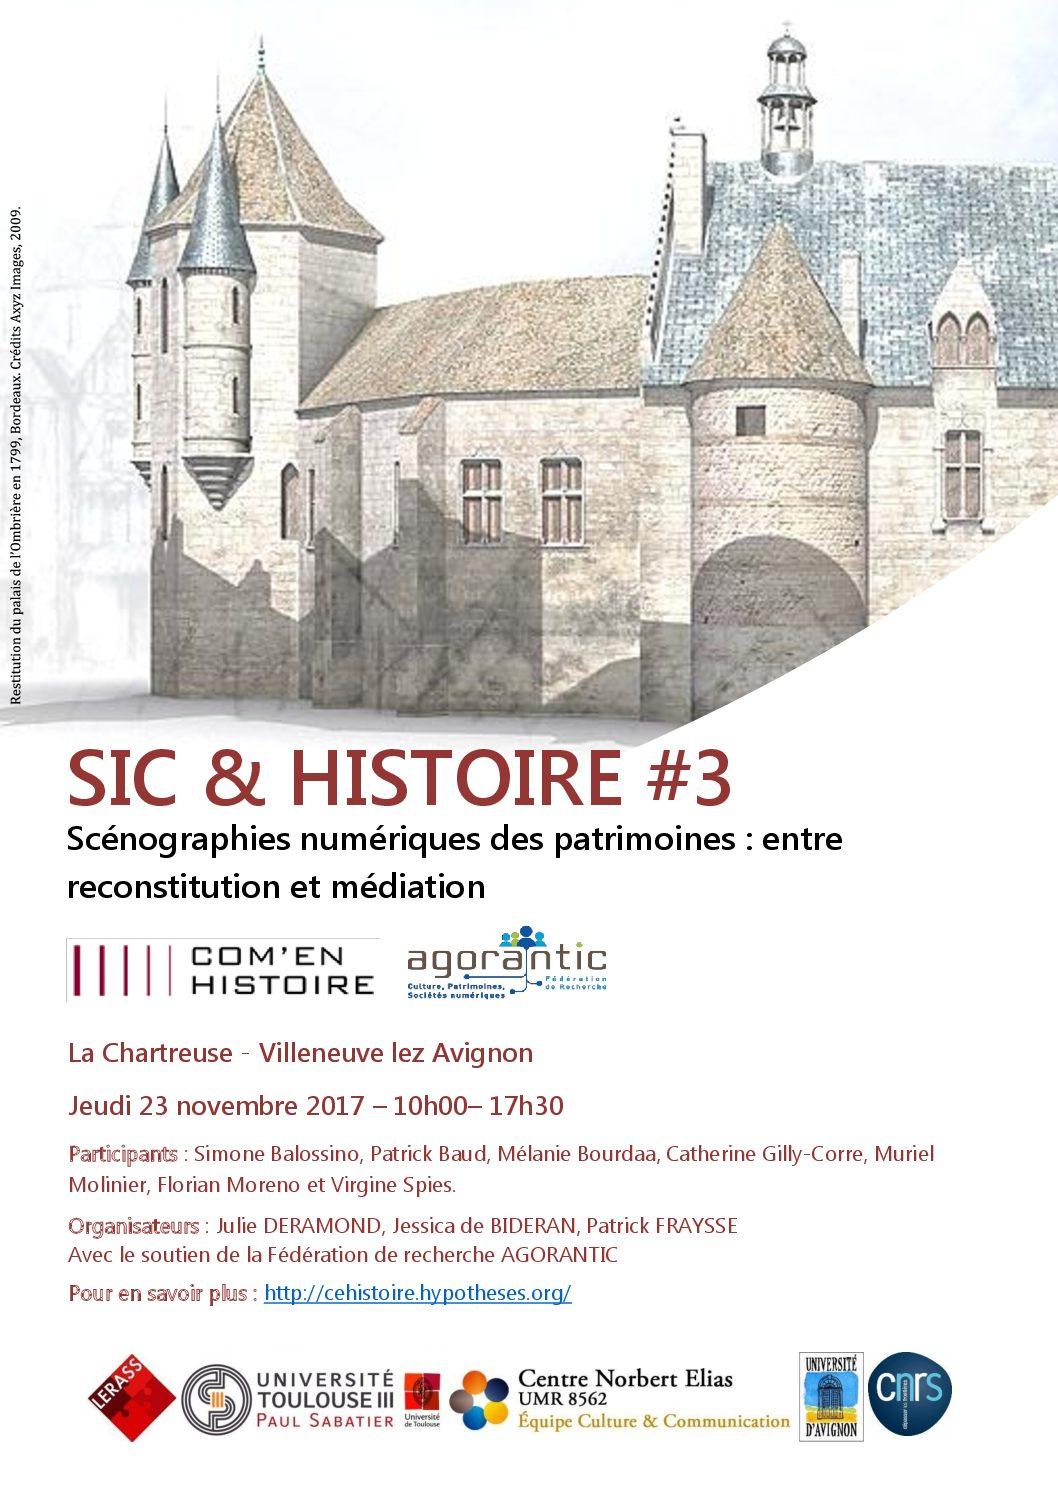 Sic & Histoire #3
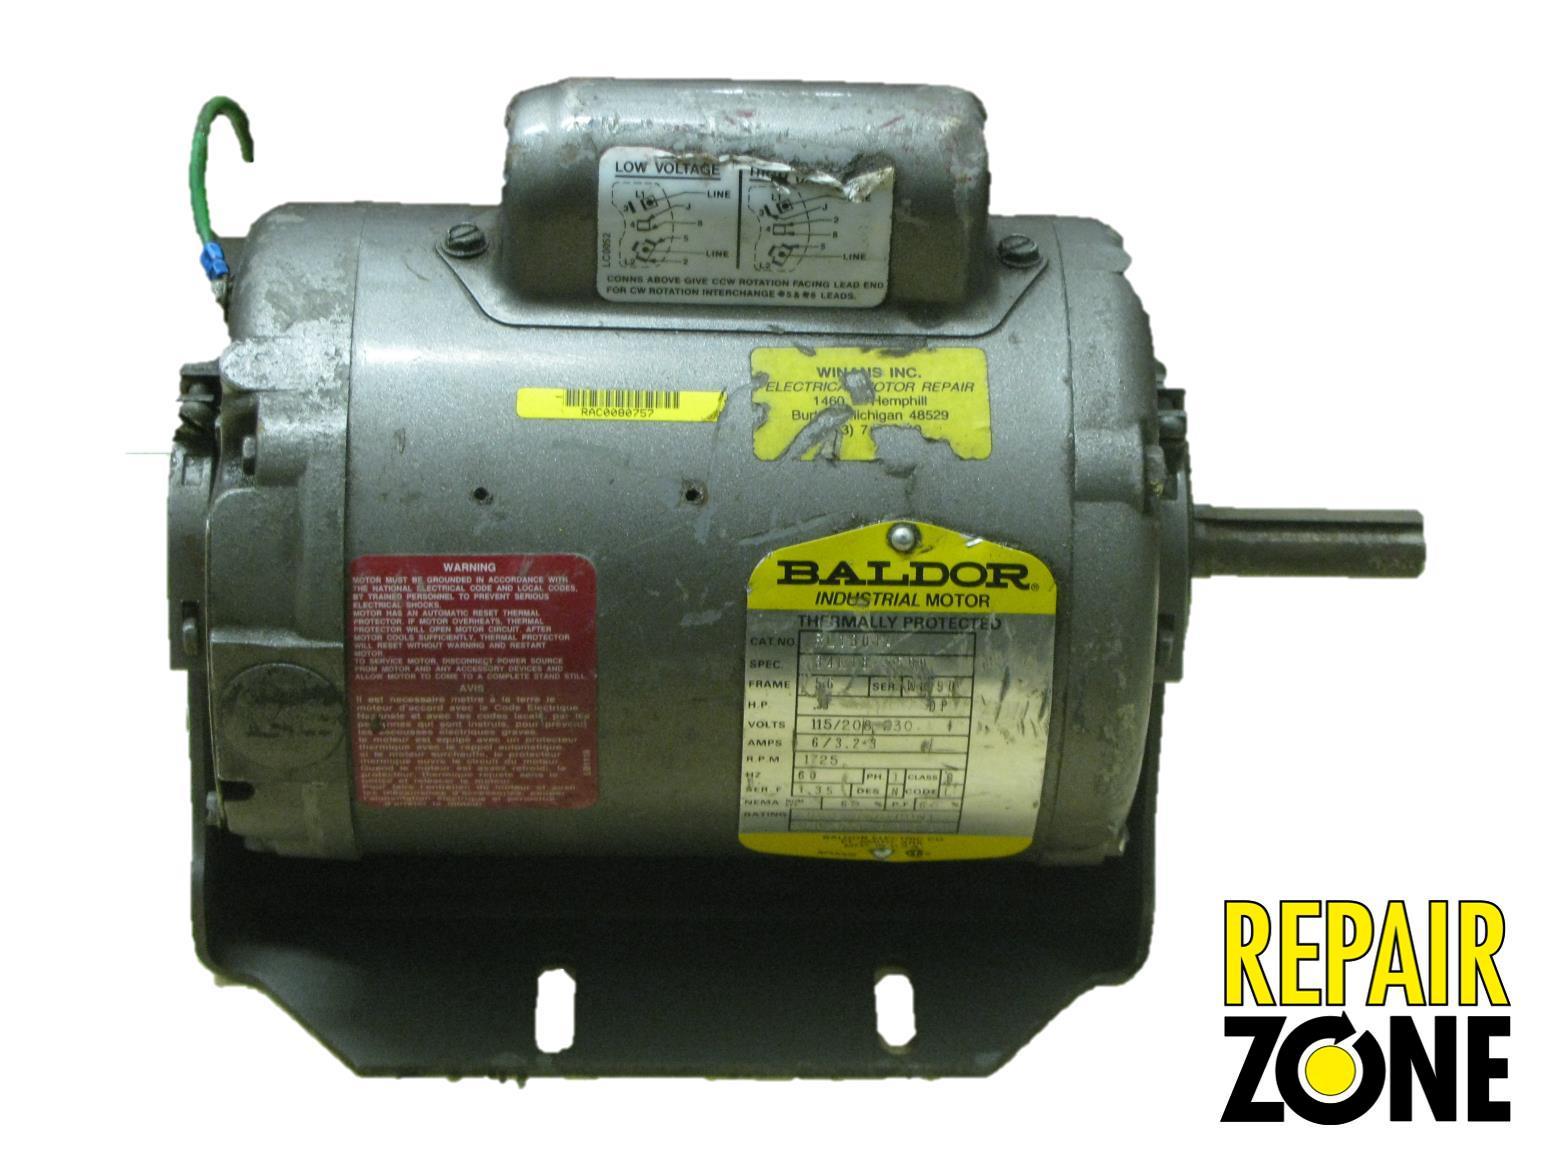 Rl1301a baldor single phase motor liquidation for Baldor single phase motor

---

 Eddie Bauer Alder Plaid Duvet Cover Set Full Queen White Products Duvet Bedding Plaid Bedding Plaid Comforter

*WHAT IS REQUIRED:*
Work from the entries above. Set down exactly and only the lines from the line with "Sic & Histoire #3" to the line with "Rl1301a baldor single", both included, and leave the pictures out.

*ANSWER TO THE EXERCISE:*
 Sic & Histoire #3
 Rl1301a baldor single phase motor liquidation for Baldor single phase motor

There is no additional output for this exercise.